The format is a linear stream of **hunk records**, each identified by a 32-bit type word followed by type-specific data.
---
## Magic Number — All Valid First Longword Values
Tools and the OS identify a HUNK file by reading its **first 32-bit longword**. There are exactly three valid opening values:
| First longword | Hex | Dec | Constant | File type | Who reads it |
Any other first longword means the file is **not a valid HUNK file**. `InternalLoadSeg` will return an error.
> [!NOTE]
> Only `HUNK_HEADER` files can be passed to `LoadSeg()`. Passing a `.o` object file or a `.lib` archive to `LoadSeg()` will fail — those are consumed exclusively by the linker at build time, never at runtime.
### What `$000003F3` means exactly
The value `$000003F3` = decimal 1011 = the constant `HUNK_HEADER`. Nothing about this value is arbitrary — it is the hunk type code for the header record, used as the magic number because the header is always the first hunk in an executable.

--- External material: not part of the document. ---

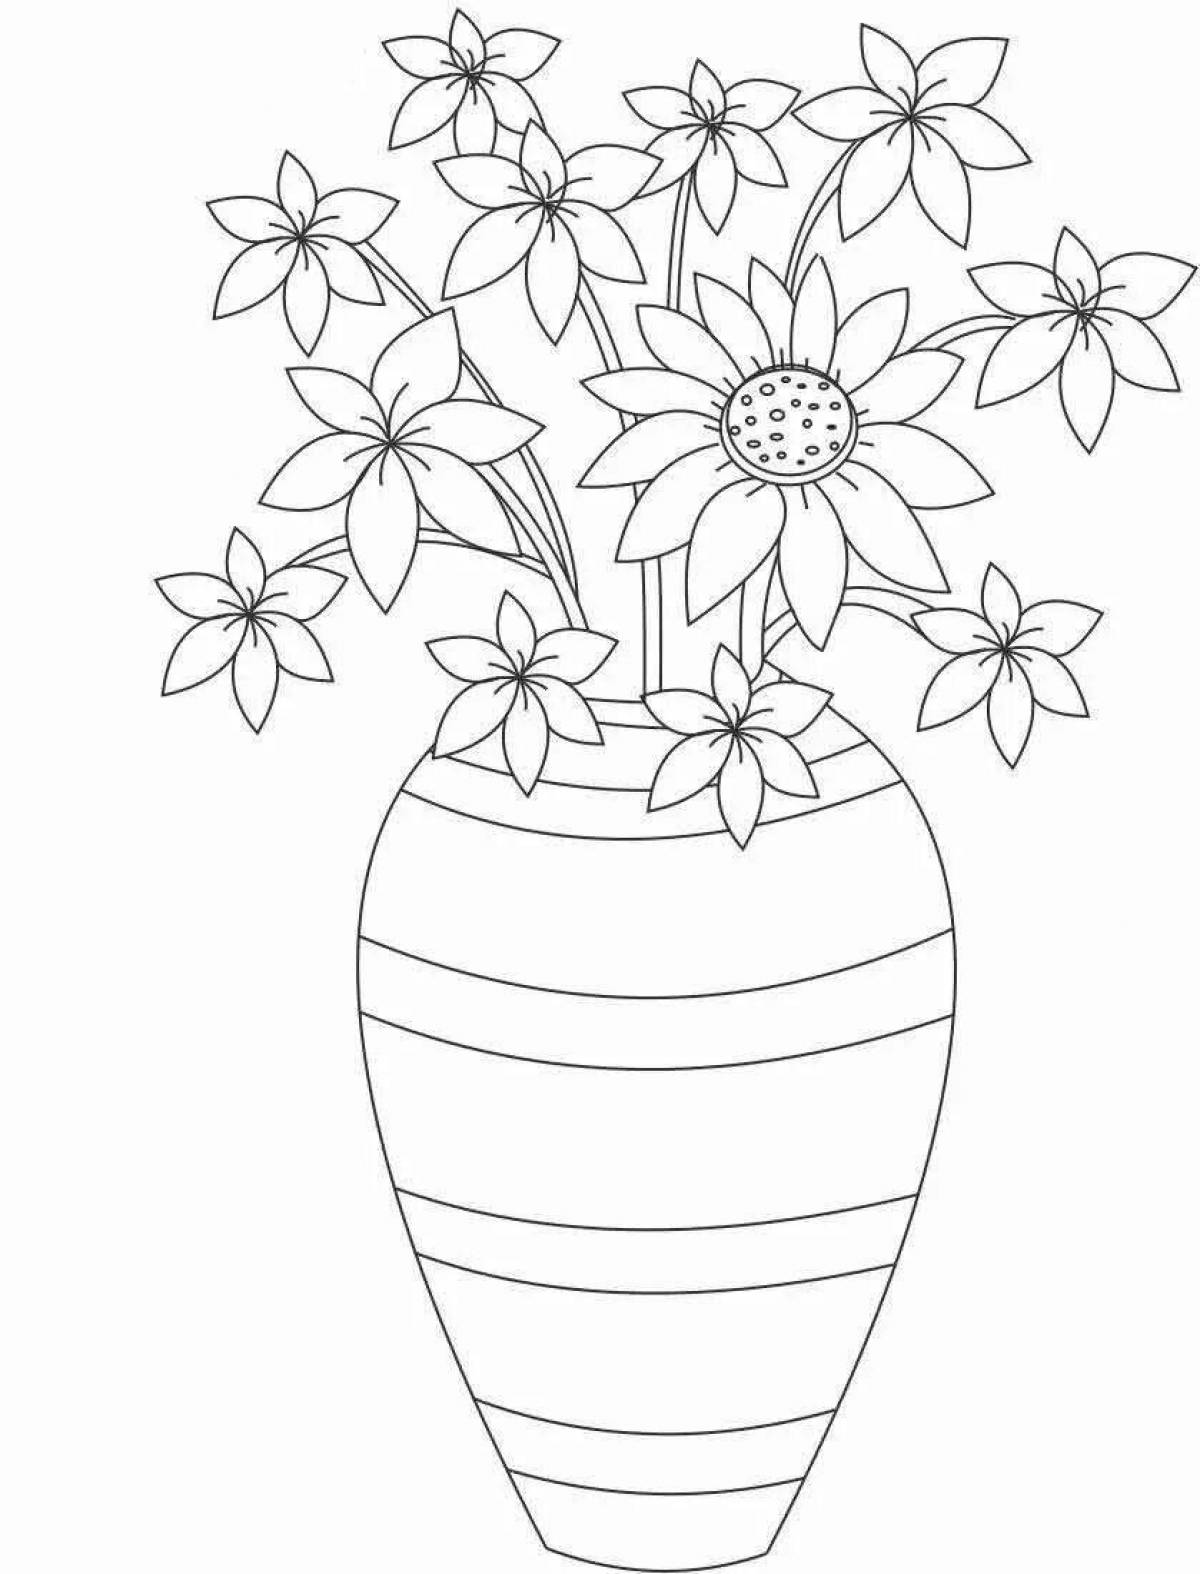 Delightful vase of flowers coloring book for children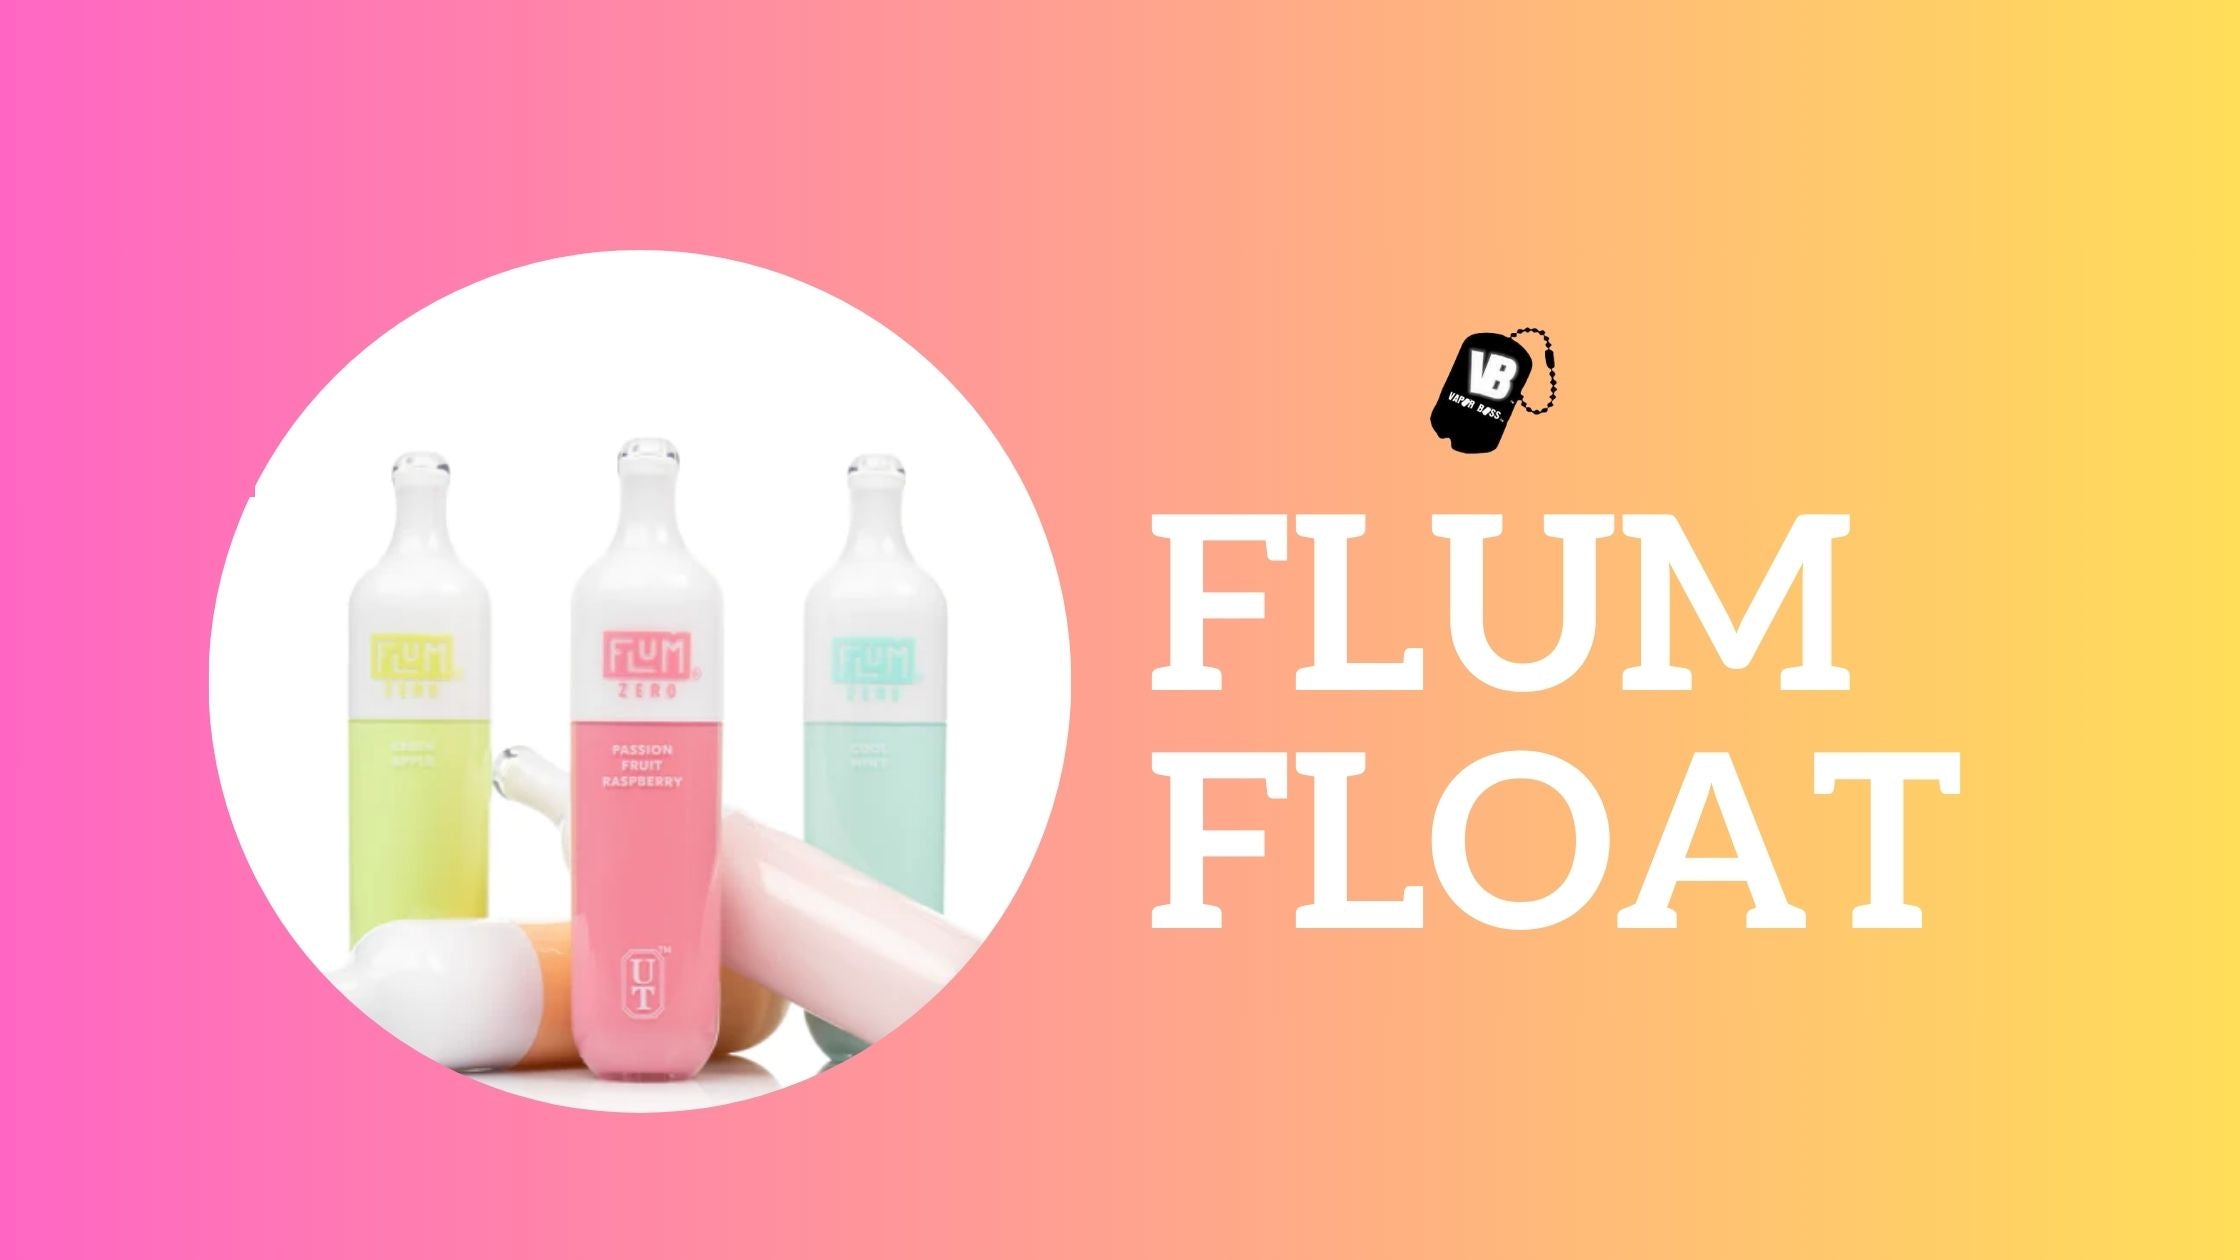 Flum Float

### What `$000003E7` means exactly
The value `$000003E7` = decimal 999 = `HUNK_UNIT`. This marks the start of one relocatable compilation unit. A `.o` file may contain multiple `HUNK_UNIT` records, one per independently-compiled module (though most compilers emit exactly one per file).
> Source header: **`dos/doshunks.h`** (NDK 3.9). Every hunk record starts with one of these 32-bit tag values. The file is a linear stream — the loader reads tag → payload → next tag, until the file ends.
---
### Terminology
| Term | Meaning |
|---|---|
| **longword** | 32-bit (4-byte) value — the native word size of the 68000 |
| **size in longs** | Content length as a count of 4-byte longwords. Bytes = longs × 4 |
| **Exec** | Appears in loadable executables only (starts with `HUNK_HEADER`) |
| **Obj** | Appears in relocatable object files only (starts with `HUNK_UNIT`) |
| **Both** | Valid in either context |
---
### Group 1 — Object File Framing
> These two tags appear **only in `.o` files**. Never in a final linked executable.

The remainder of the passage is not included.